I then created a small shell script to monitor and display the hibernate mode:


function showhibernate() {

while true

do echo -n `date` " ";pmset -g|grep hibernatemode;sleep 10

done

}


and executed it overnight


this evening after I came home from work, I noticed that the hibernate mode somehow was switched from 3 to 7!?


unfortunately, I did not have the echo `date` on the first version, so I do not know when it was switched from 3 to 7.


however, the machine did wake up from sleep... (so it seems that 7 is not as bad as 5?)


I am guessing that some powered USB hubs cause unexpected changes to the hibernatemode, which in turn cause the SMC to crash, disabling the power button.


do you have any idea why plugging in some powered USB hubs but not others will cause the hibernatemode to switch?


do you have any idea why hibernate mode would automagically switch from 3 to 7?


neither 5 nor 7 are documented in the man page, and the only recommended modes are 0 3 and 25:


We do not recommend modifying hibernation settings. Any changes you make are not supported. If you choose to do so anyway, we recommend using one of these three settings.
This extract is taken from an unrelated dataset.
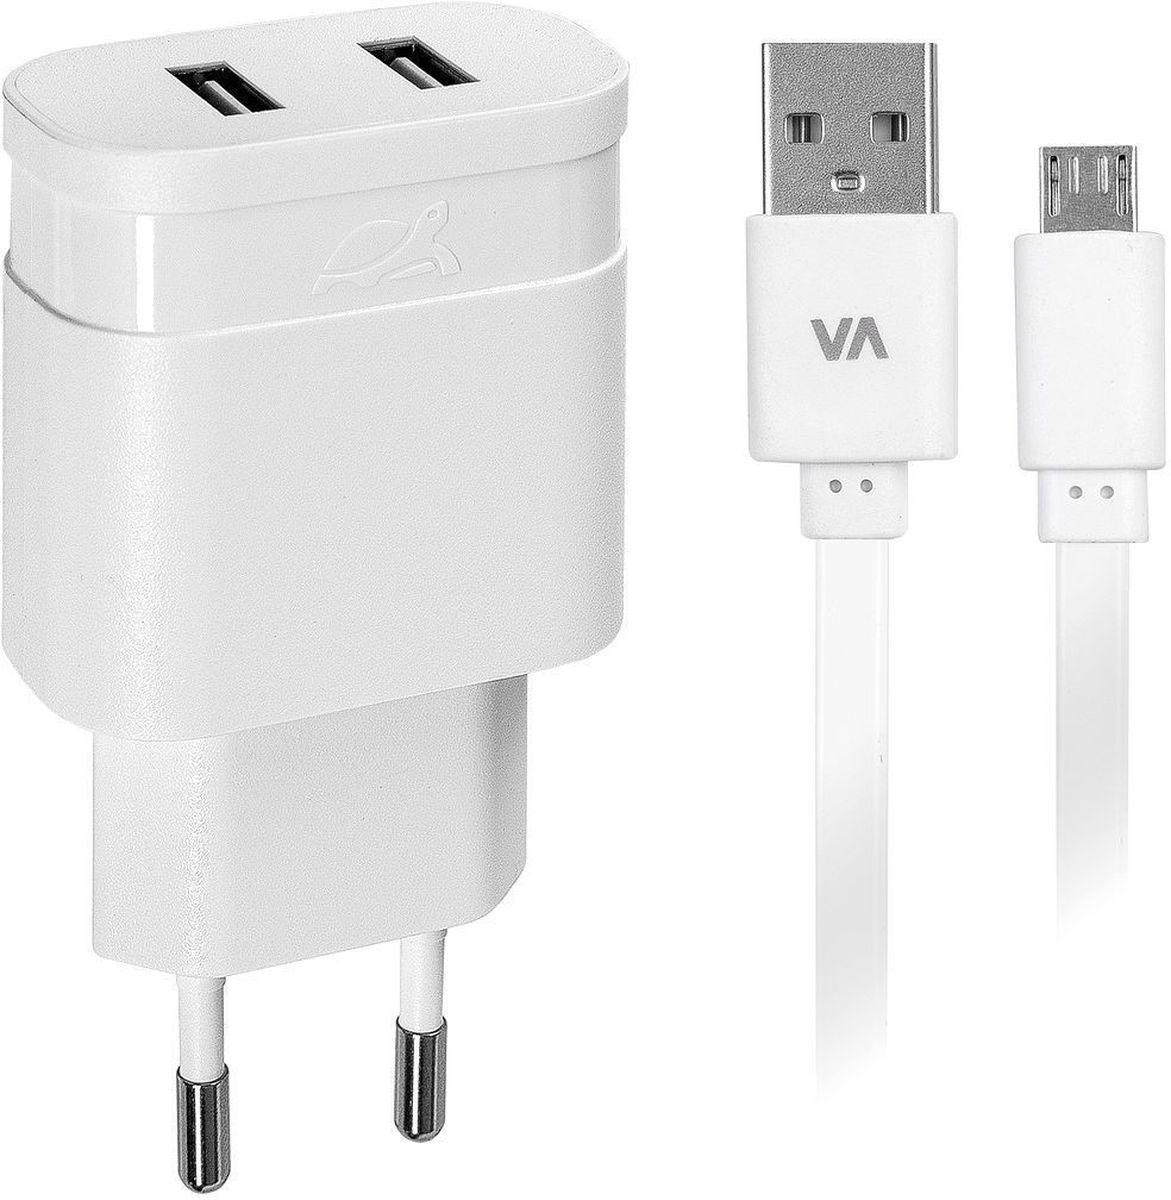 Rivapower VA4122 WD1, White сетевое зарядное устройствоVA4122 WD1Универсальное сетевое зарядное устройство Rivapower VA4122 WD1 совместимо со всеми устройствами, использующими USB порт для зарядки своих аккумуляторов. Позволяет заряжать 2 устройства одновременно, занимая всего одну розетку. Высококачественные компоненты, встроенные фильтры, защита от скачков напряжения, защита от перегрузки, перегрева и короткого замыкания делают процесс зарядки быстрым, эффективным и безопасным. Корпус сделан из негорючего пластика, устойчивого к механическим повреждениям. Компактные размеры зарядного устройства позволяют свободно пользоваться соседними розетками и делают его очень удобным в поездках. В комплект входит дата-кабель microUSB длиной 1 метр.

For your sake and mine, please don't use anything other 0, 3, or 25.


For now I cancled the shipment of the fourth replacement, as this seems to be an issue affecting all iMacs (and a specific USB powered hub), so that a new machine will not resolve the issue...



Mar 5, 2013 2:16 AM in response to wkoffel

After updating to 10.8.2, my Mac Pro (5,1) would not wake from sleep and I had to do a hard restart to power it up again. Based on this discussion thread and others, here's what I did so far that seems to have fixed the problem.


1. Reset SMC

2. Reset PRAM

3. Reinstalled OS 10.8.2 using recovery drive (not a clean install)

4. Deleted everything in my Users > Login Items except for Dropbox and Evernote

5. Deleted this preference: /Library/Preferences/SystemConfiguration/com.apple.PowerManagement.plist

6. Deleted this file:

/var/vm/sleepimage


The combination of all these things including the last step seemed to fix the issue at least for now. I'll post again if the problem comes back.

Jun 10, 2013 6:28 AM in response to wkoffel

So... an interesting thing happened the other day. Apple called me at home to collect information on the issue. So it seems they are aware of the issue, and trying to address it, but considering that 10.8.4 just came out the other day, and they are still trying to resolve it, it would suspect this may be ongoing for some time.


I gotta say, I'm impressed by their due dillegence.


If I ever get to a point where I have the time and can risk doing a fresh install by manually transferring my files and re-installing everything; that seems to be the only way to permanently resolve the issue.


Despite the fact that I am impresed Apple is contacting their customers over this, I doubt that I will ever purchase an OS X upgrade ever again on a new Apple computer. The new features are not worth the hassle. Apple should be concerned over this. I consider myself an early adopter, willing to risk buggy upgrades for new shiny features, but I can safely say that it has been more of a pain than gain.


The only workaround that worked for me was installing the app "SmartSleep" from the developers website (not the App Store version).